Distribution and Characterization of the Novel Quorum-quenching Enzyme AiiB in Priestia megaterium Isolated from a Natural Environment

Abstract

Many plant pathogenic bacteria regulate the expression of virulence factors via N-acylhomoserine lactone (AHL), a quorum-sensing signaling compound. When numerous spore-forming bacteria were isolated from a natural environment, Priestia megaterium was the dominant species, and some P. megaterium strains exhibited AHL-degrading activity. The results of a HPLC ana­lysis of AHL degradation products demonstrated that P. megaterium degraded AHL by AHL lactonase, which hydrolyzes the lactone ring of AHL. The novel AHL lactonase gene, aiiB, was found in the whole genome sequence of AHL-degrading P. megaterium.

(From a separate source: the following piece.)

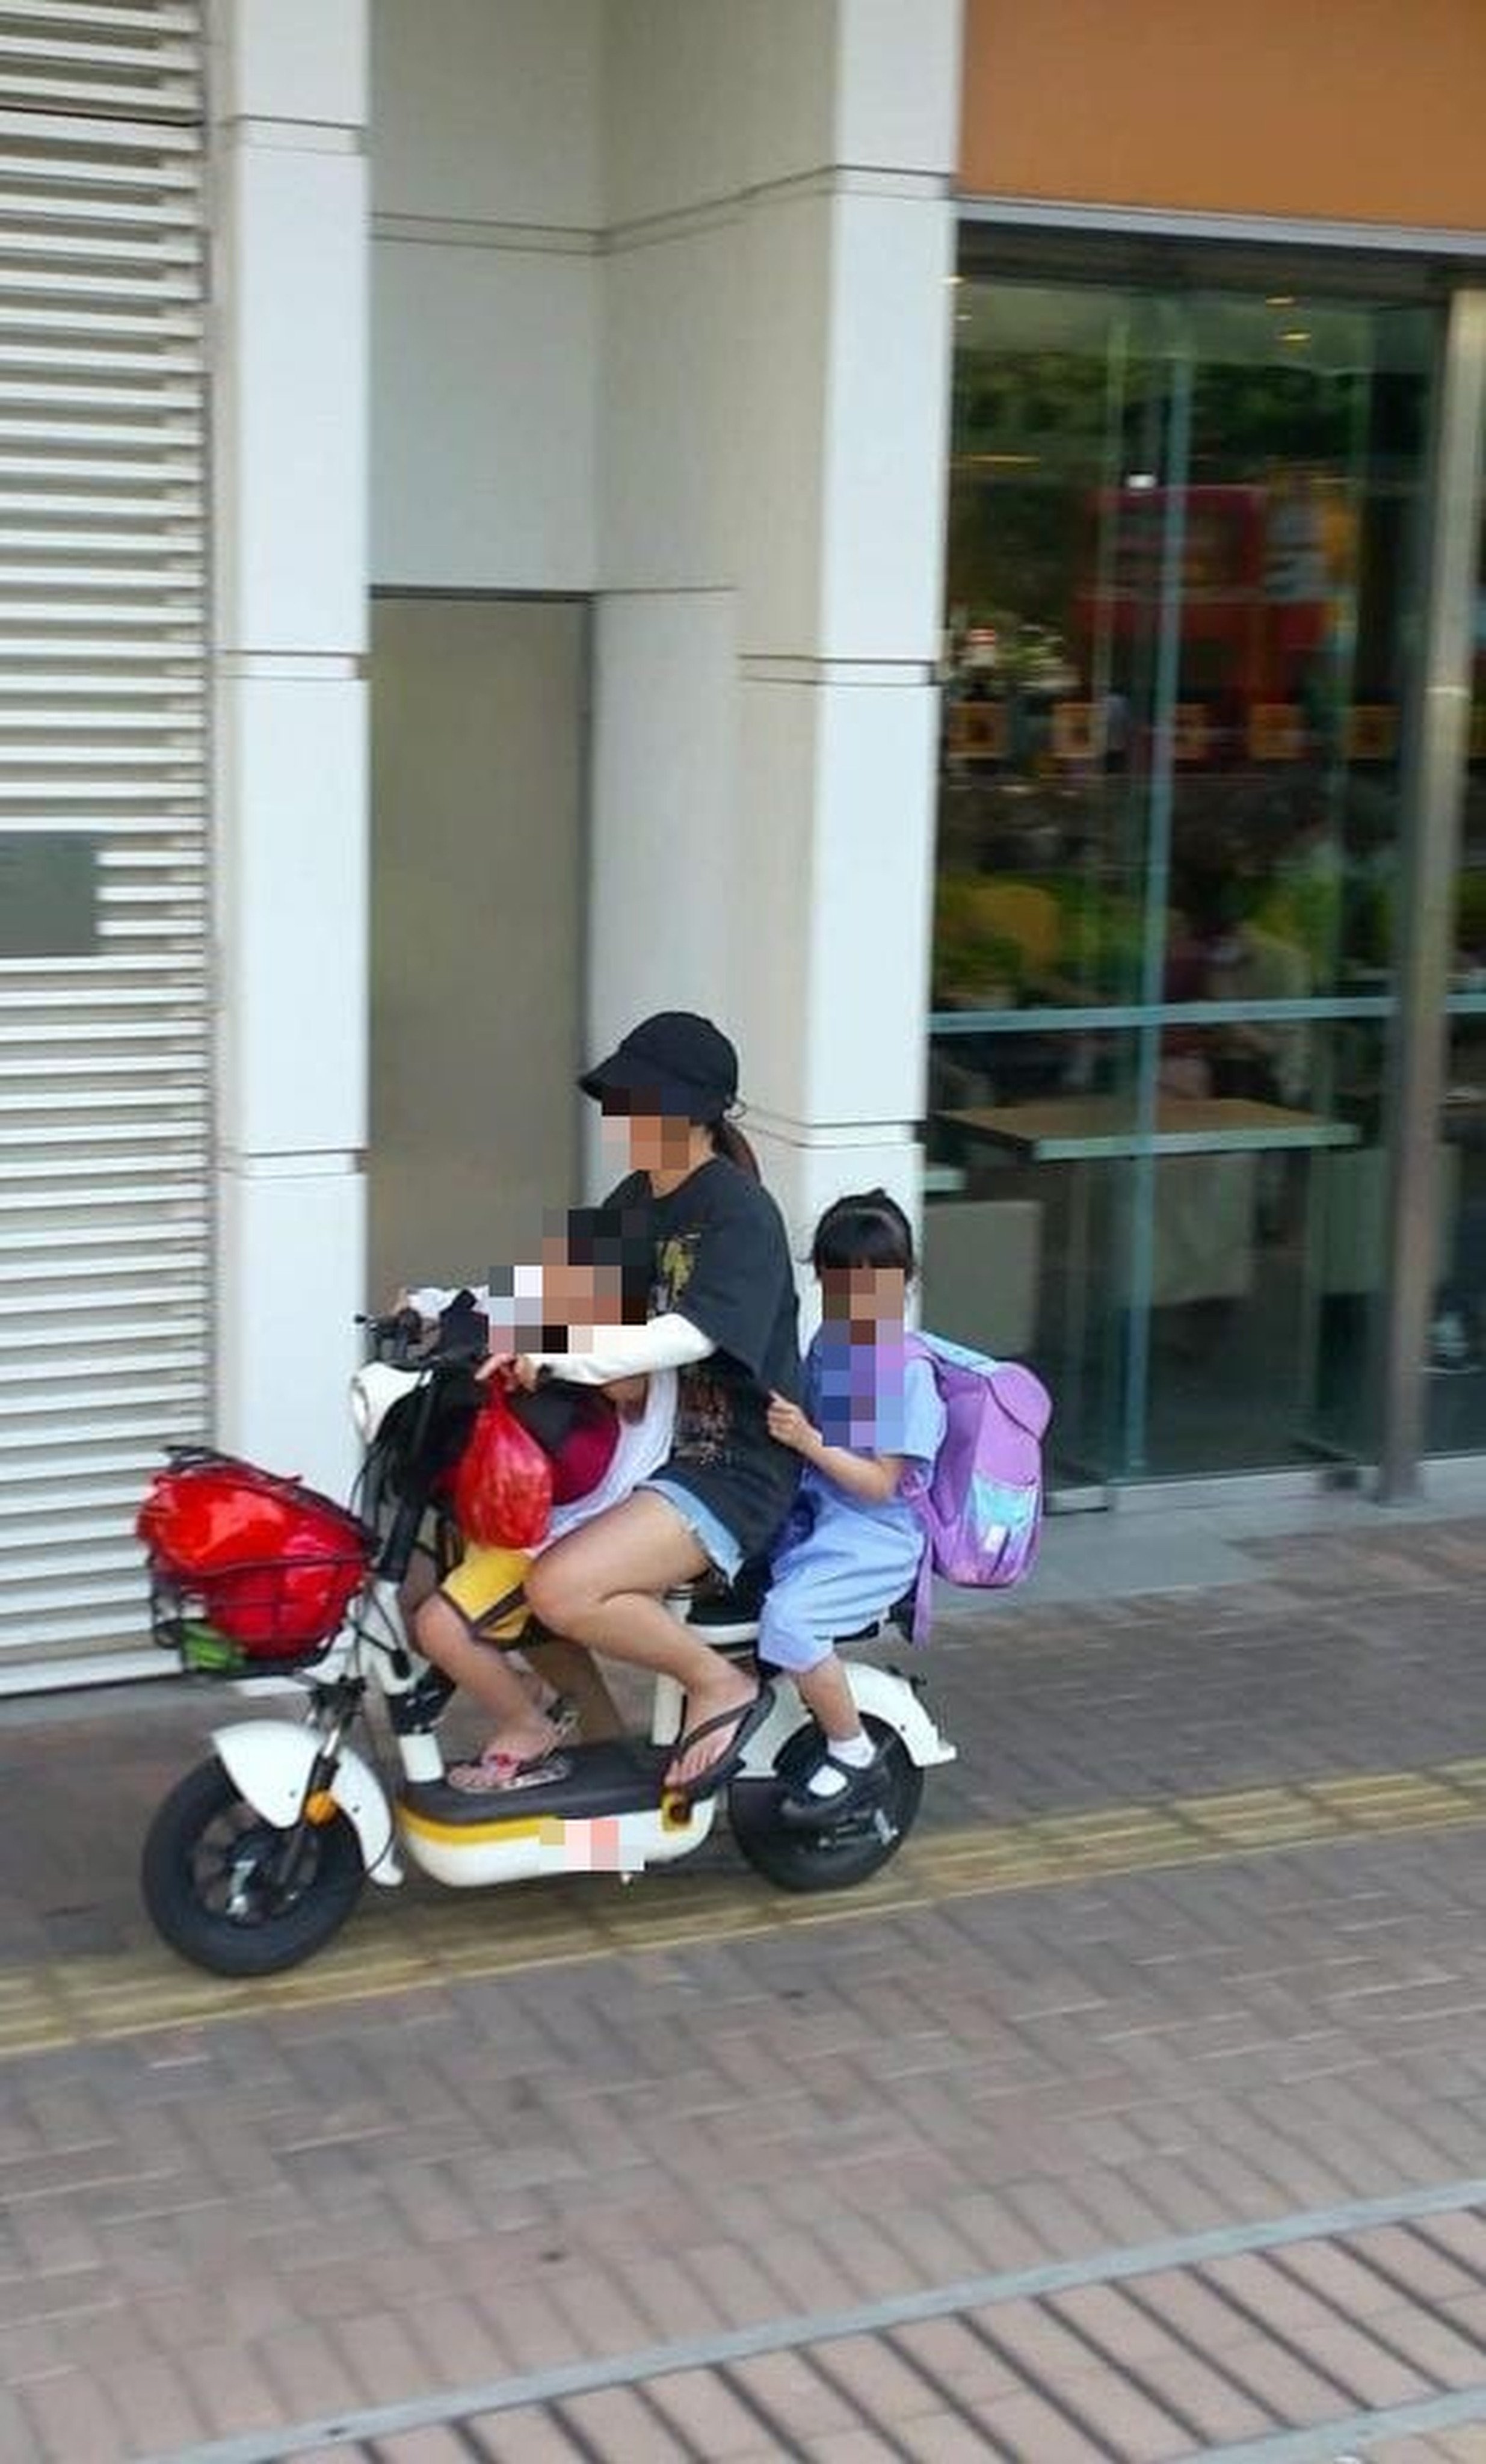 A woman was arrested for riding an e-bike with two children on the pavement. Photo: Hong Kong Police Force

The relationship between the presence of aiiB and AHL-degrading activity in P. megaterium strains revealed that P. megaterium may be classified into three AHL degradation groups: Group 1 (with AHL-degrading activity and aiiB), Group 2 (with neither AHL-degrading activity nor aiiB), and Group 3 (without AHL-degrading activity, but with aiiB). A comparative genome ana­lysis suggested that aiiB was obtained or missed by a non-transpositional event during the process of evolution in P. megaterium. The amino acid sequences of AiiB in Group 1 and 3 strains were almost identical, and Escherichia coli harboring aiiB from Groups 1 and 3 exhibited high AHL-degrading activity. Although the AHL-degrading activity of Group 3 strains was markedly weaker than that of Group 1 strains, they degraded AHL in a long-term incubation. Based on the present results, Group 1 and 3 strains, the genomes of which contain aiiB, may reduce potato maceration activity under the control of AHL-mediated quorum sensing in P. carotovorum subsp. carotovorum NBRC 12380.